On August15, 2017, the Board of Directors of Natera,Inc. (the “Company”) approved enhanced severance and equity vesting acceleration benefits for its chief executive officer, Dr.Matthew Rabinowitz, and chief technology officer, Mr.Jonathan Sheena, and approved such benefits for its chief financial officer, Mr.Michael Brophy. Certain of such benefits are triggered by certain involuntary terminations of employment that occur on or after such officer has completed three years of continuous service with the Company. If an excise tax would be imposed under the Internal Revenue Code on these or other payments received by such officer in connection with a change in control of the Company, such payments may be reduced under certain circumstances. Such benefits are set forth in a letter agreement to be executed between the Company and each such officer.

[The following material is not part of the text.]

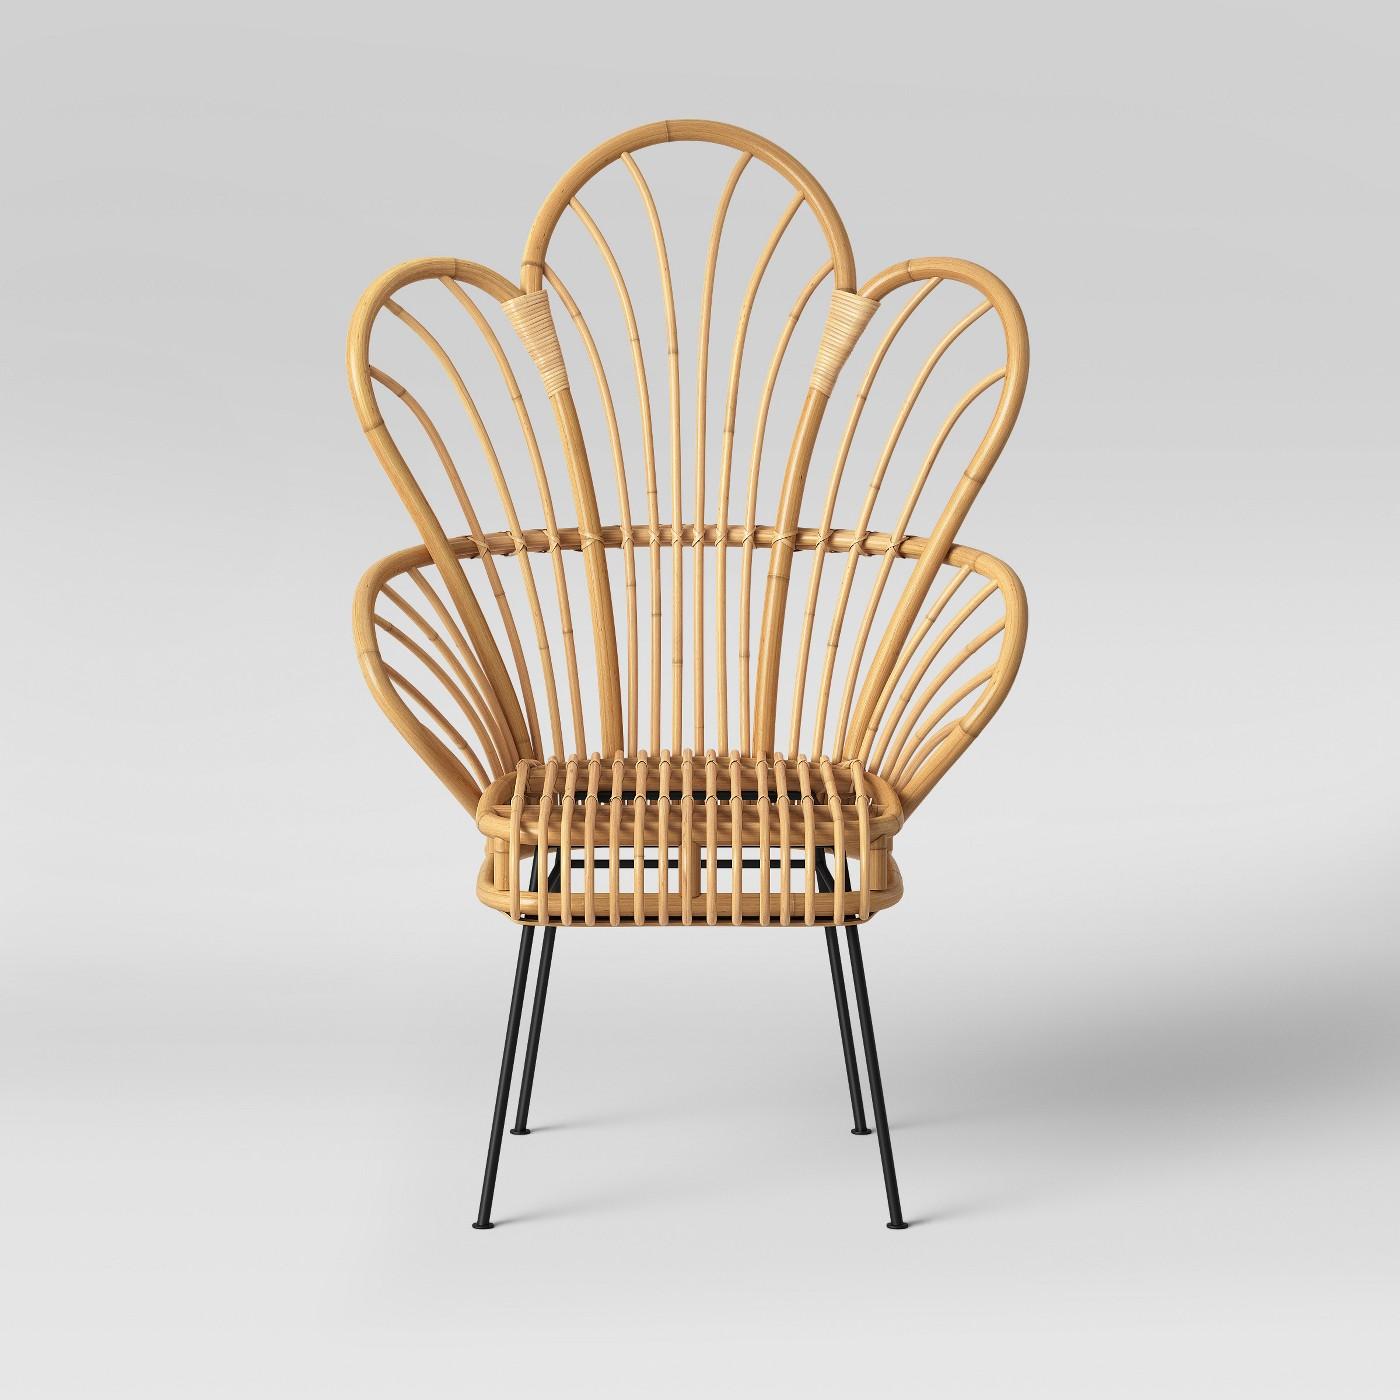 Malay Rattan Chair (2) $55

Dr.Rabinowitz. With respect to Dr.Rabinowitz, the benefits provided under his existing Amended Employment Agreement entered into as of June7, 2007, are enhanced by increasing his lump-sum cash severance from an amount equal to 6 months of his base salary to 9 months of his base salary in the event he is subject to an involuntary termination other than in connection with, or within 12 months following, a change in control of the Company, in which case such payment will be equal to 18 months of his base salary. Further, the Company will pay his monthly premiums under COBRA following an involuntary termination for a period of up to 12 months (up to 18 months in the event such involuntary termination occurs in connection with, or within 12 months following, a change in control of the Company), an increase from a maximum of 6 months under his existing Amended Employment Agreement. In addition, Dr.Rabinowitz will be eligible to receive accelerated vesting under all equity awards equal to the greater of 50% of the then-unvested shares or forward vesting as if he had provided an additional 12 months of continuous service to the Company, in either case if he is subject to an involuntary termination.

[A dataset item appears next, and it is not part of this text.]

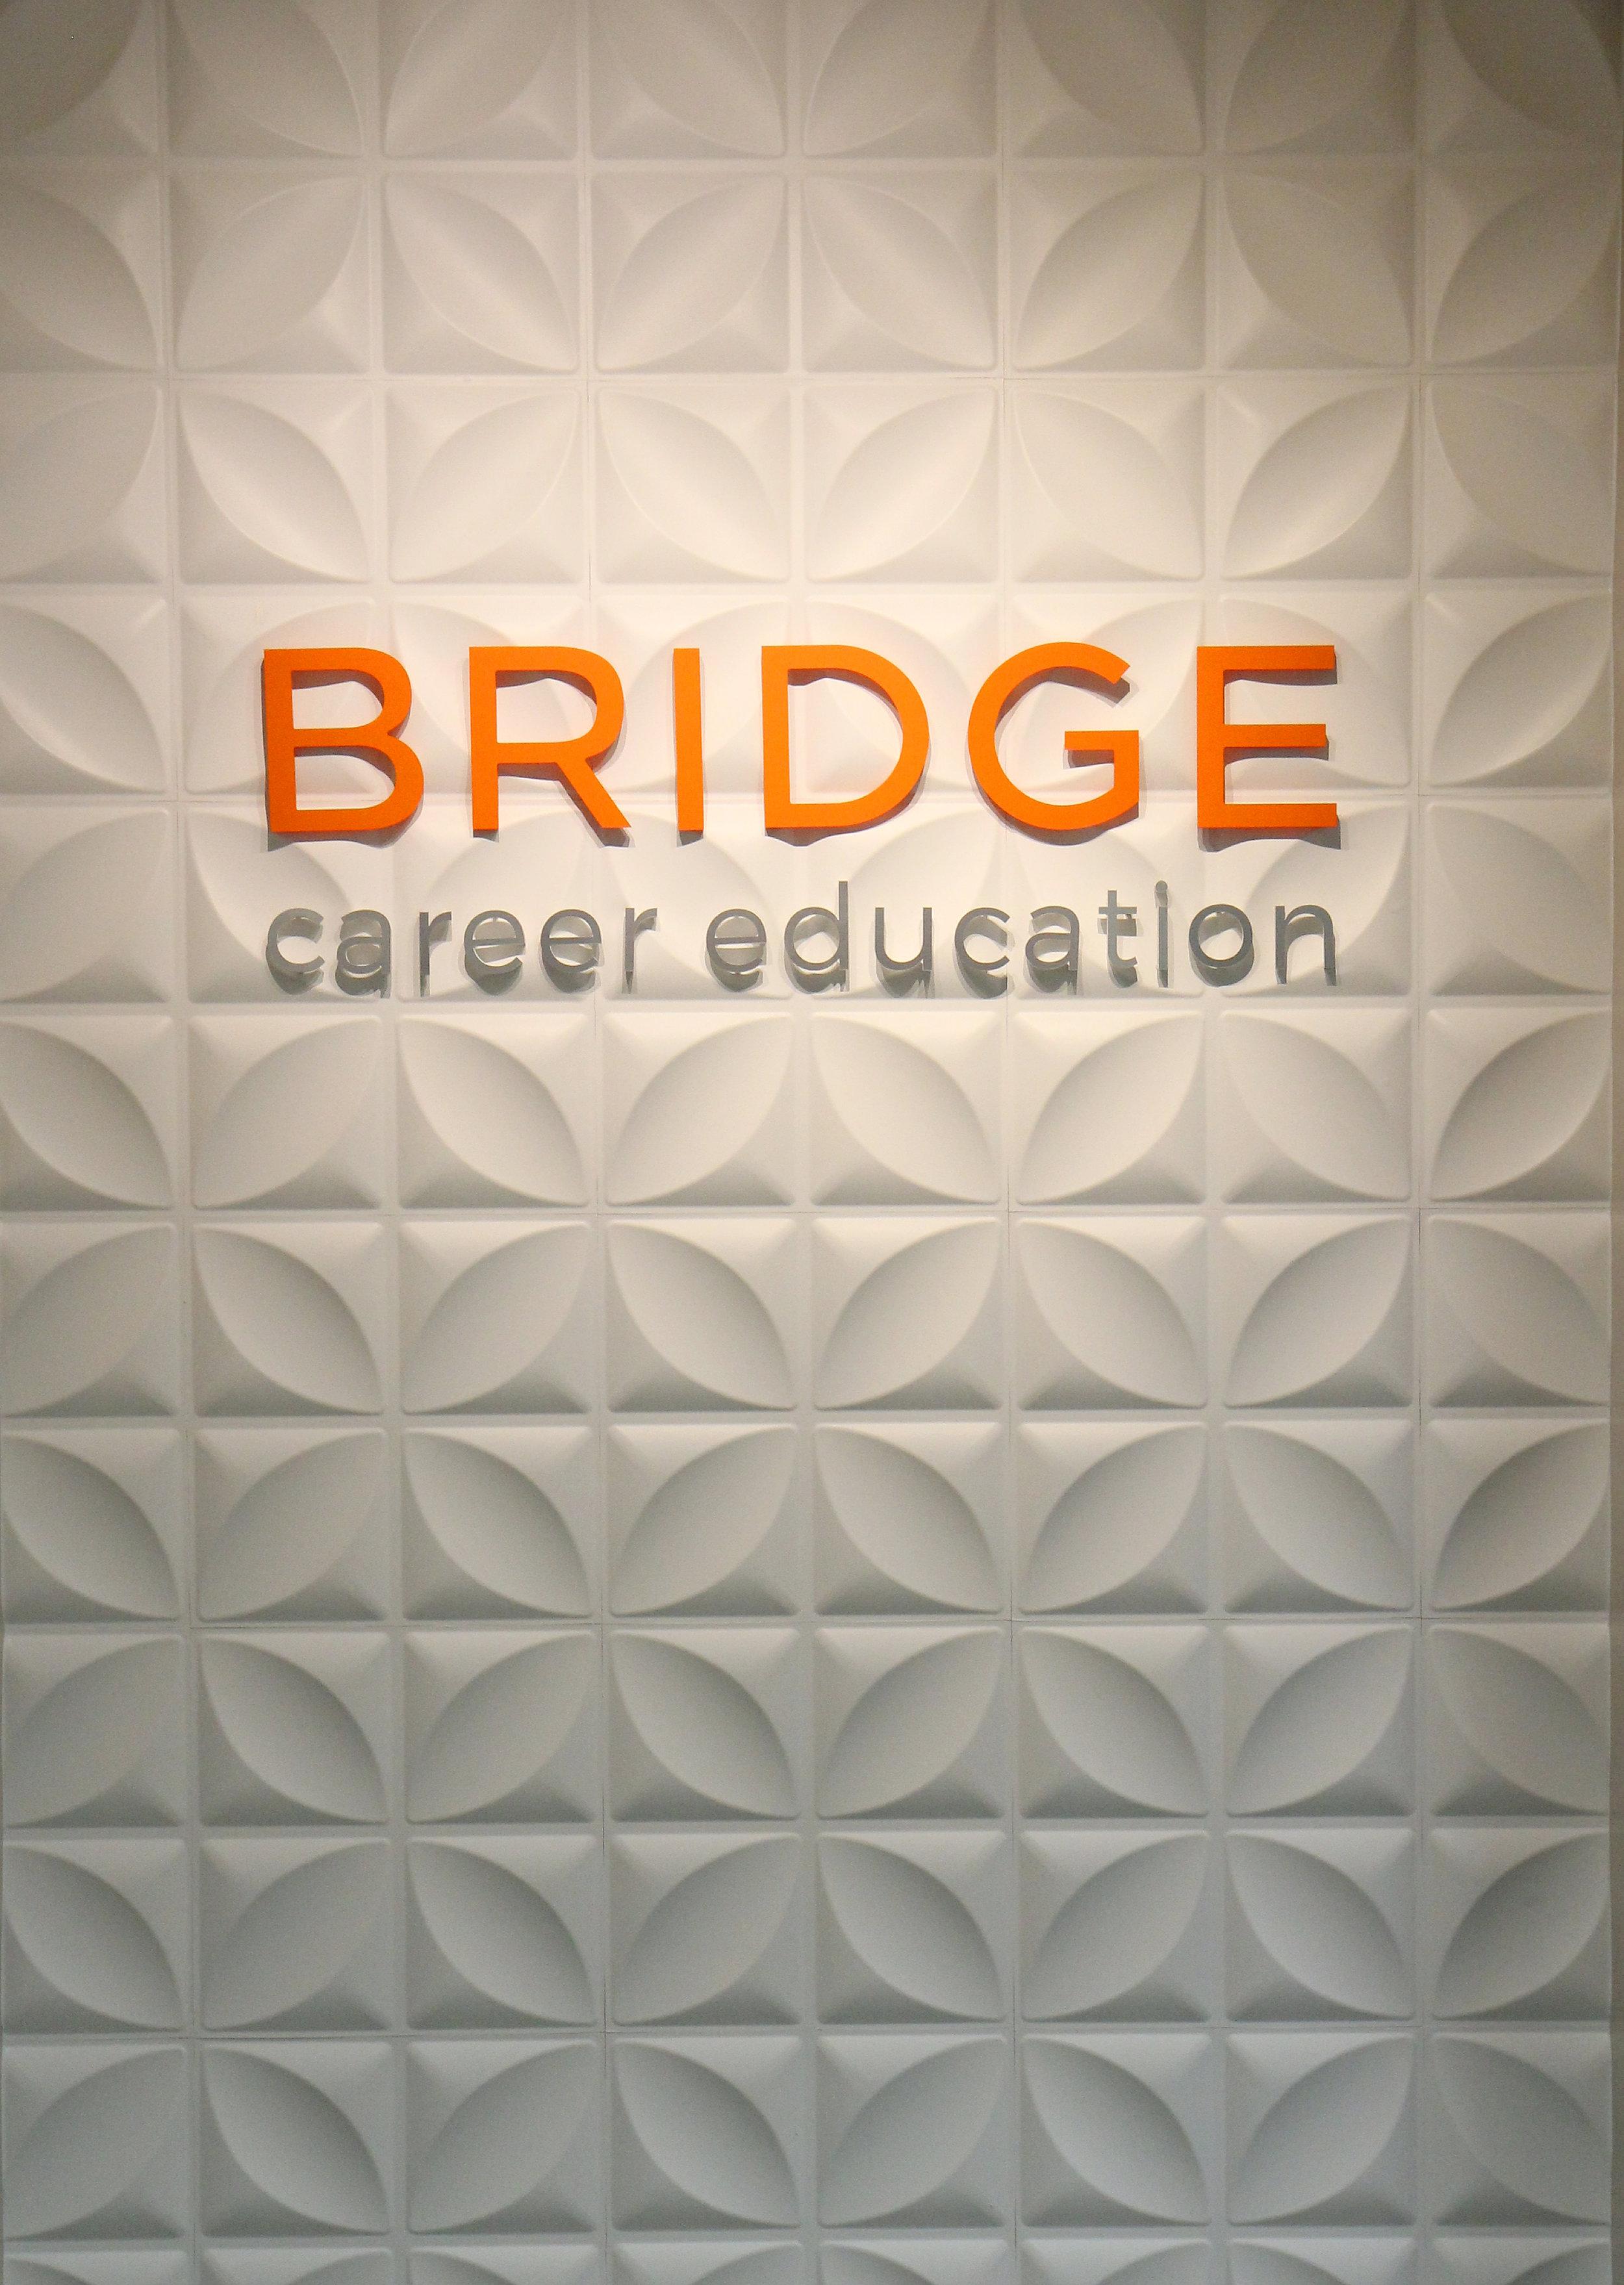 bridge-career-education-san-diego-college-medical-assistant-biller-programs.jpg

Mr.Sheena. With respect to Mr.Sheena, the benefits provided under his existing Amended Employment Agreement entered into as of June7, 2007, are enhanced by increasing his lump-sum cash severance from an amount equal to 6 months of his base salary to 12 months of his base salary in the event he is subject to an involuntary termination in connection with, or within 12 months following, a change in control of the Company. Further, the Company will pay his monthly premiums under COBRA following an involuntary termination for a period of up to 12 months, an increase from a maximum of 6 months under his existing Amended Employment Agreement. In addition, Mr.Sheena will be eligible to receive accelerated vesting under all equity awards equal to the greater of 50% of the then-unvested shares or forward vesting as if he had provided an additional 12 months of continuous service to the Company, in either case if he is subject to an involuntary termination.
Mr.Brophy. If he is subject to an involuntary termination, Mr.Brophy will be eligible to receive a lump-sum cash severance amount equal to 6 months of his base salary in the event he is subject to an involuntary other than in connection with, or within 12 months following, a change in control of the Company, in which case such payment will be equal to 12 months of his base salary. Further, the Company will pay his monthly premiums under COBRA following an involuntary termination for a period of up to 12 months. In addition, Mr.Brophy will be eligible to receive accelerated vesting under all equity awards equal to the greater of 50% of the then-unvested shares or forward vesting as if he had provided an additional 12 months of continuous service to the Company, in either case if he is subject to an involuntary termination. However, if such involuntary termination occurs in connection with, or within 12 months following, a change in control of the Company, he will be eligible to receive accelerated vesting of all of his then-unvested equity awards.
The foregoing descriptions of the severance benefits for such officers is qualified in their entirety by reference to the full text of the letter agreements which the Company intends to file with the Securities and Exchange Commission as exhibits to its next Quarterly Report on Form10-Q.